La pulla irritó claramente a Gianna, que abrió la boca para discutir, pero antes de que pudiera decir nada más, el hombre de barba blanca tomó la palabra. «Tiene razón, ¿sabes? Si esa piedra esconde algo bueno en su interior, su valor podría dispararse. Si no, entonces no vale nada».
Gianna entrecerró los ojos con recelo, preguntándose si aquel anciano entrometido trabajaría para Grace.
«Parece que sabe del tema, señor. Si quiere, puede hacer los honores y abrirla usted mismo». Grace se dio cuenta de que al anciano le gustaban de verdad esas cosas y que probablemente era un entusiasta del trabajo con piedras.

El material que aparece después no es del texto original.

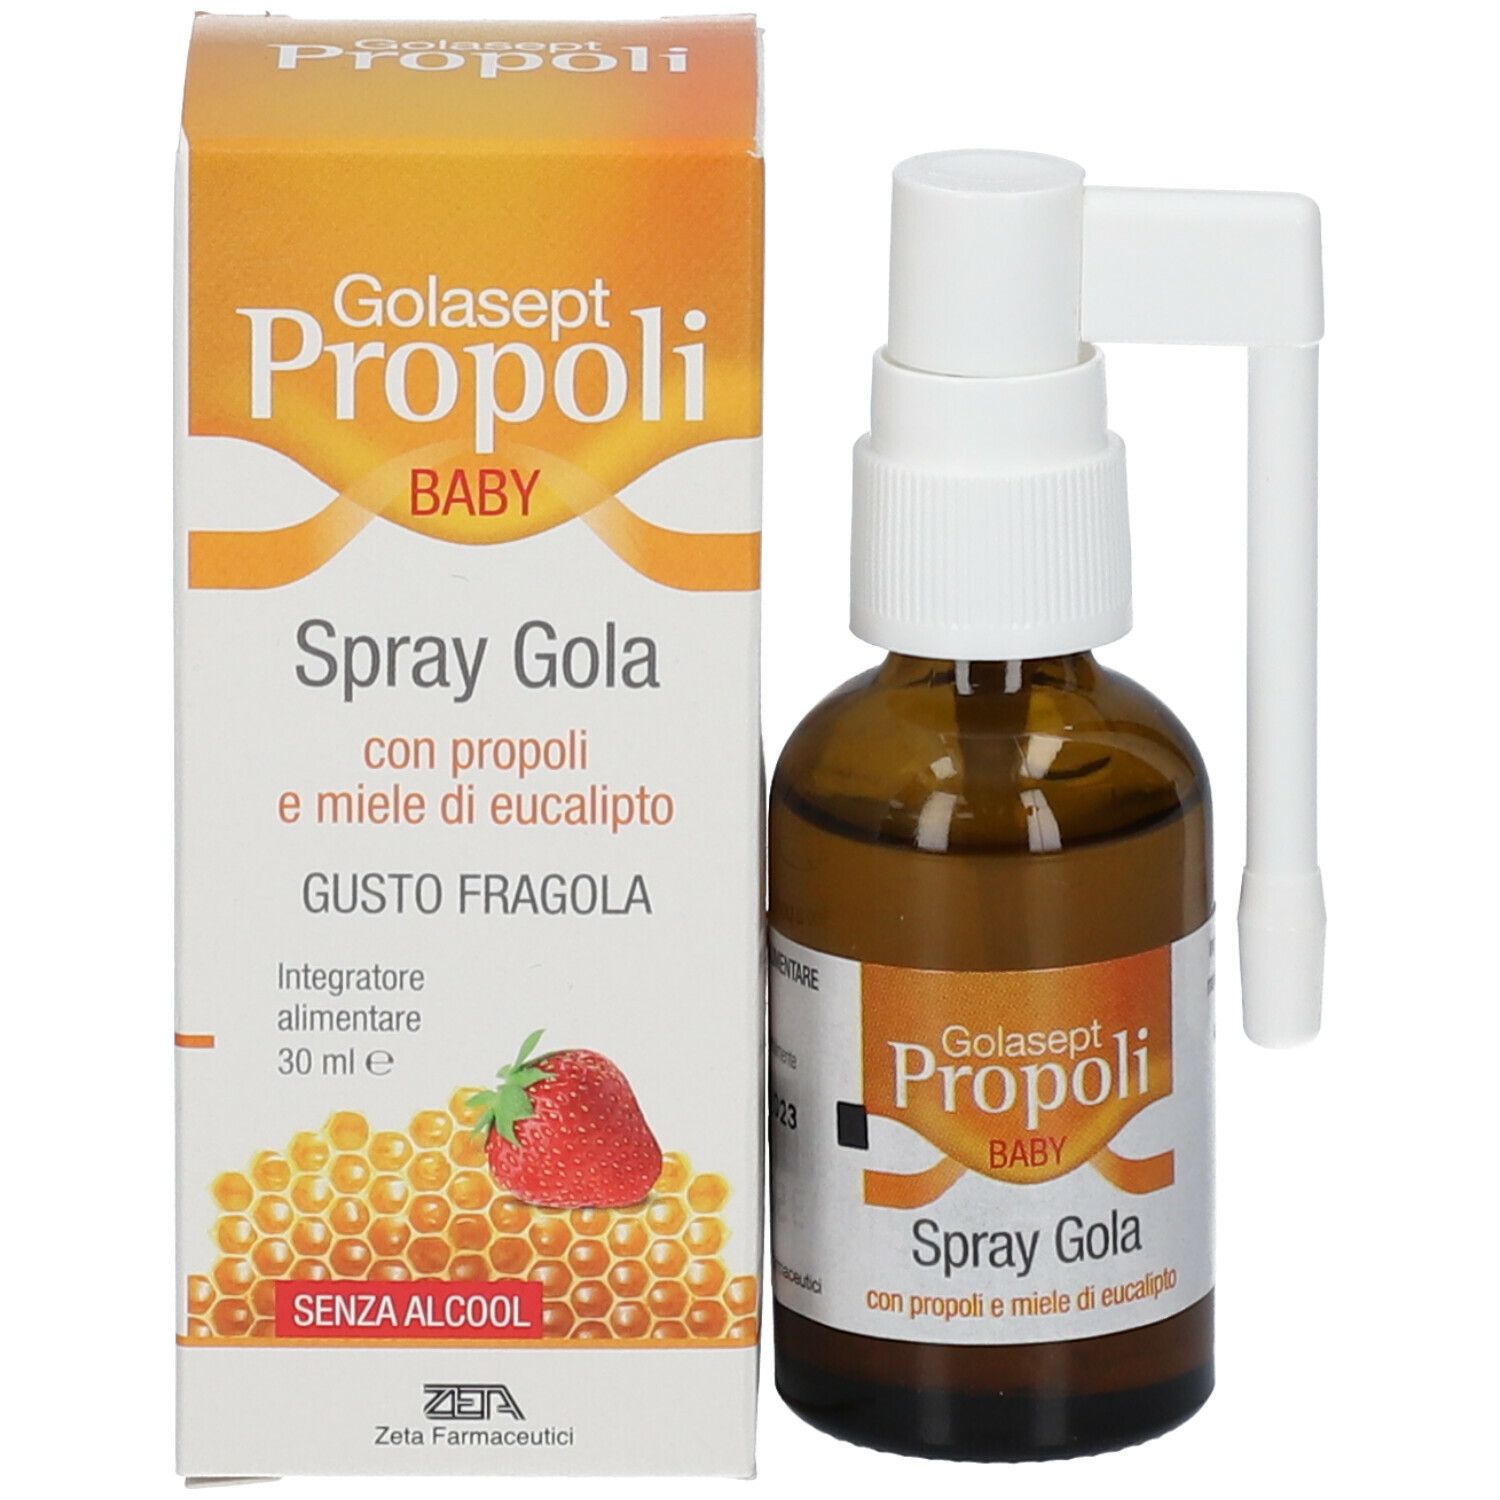 Golasept Propoli Baby Spray Gola Gusto Fragola

Los ojos del anciano se iluminaron ante la sugerencia, y la emoción se apoderó de él mientras se preparaba para examinar la piedra. « ¿De verdad te parece bien?». Su tono denotaba sorpresa: la mayoría de la gente custodiaba celosamente sus piedras en bruto, por miedo a echar a perder una posible fortuna.
Grace asintió sin dudarlo. De todos modos, tenía una colección de piedras raras, y perder una no significaba nada. Si esta resultaba decepcionante, siempre tenía más entre las que elegir.
Nadie esperaba que el banquete de cumpleaños se animara tanto como lo hizo, gracias a la improvisada demostración de tallado de gemas. Ethel acogió la idea sin pensárselo dos veces.
Como a ella misma le encantaban estos pequeños espectáculos, siempre tenía a mano el equipo necesario. Se dirigió a los sirvientes y les dio una rápida instrucción para que trajeran las herramientas. Aunque ya había recibido su cuota de regalos excepcionales anteriormente, aún sentía que el corazón le latía con fuerza por la emoción.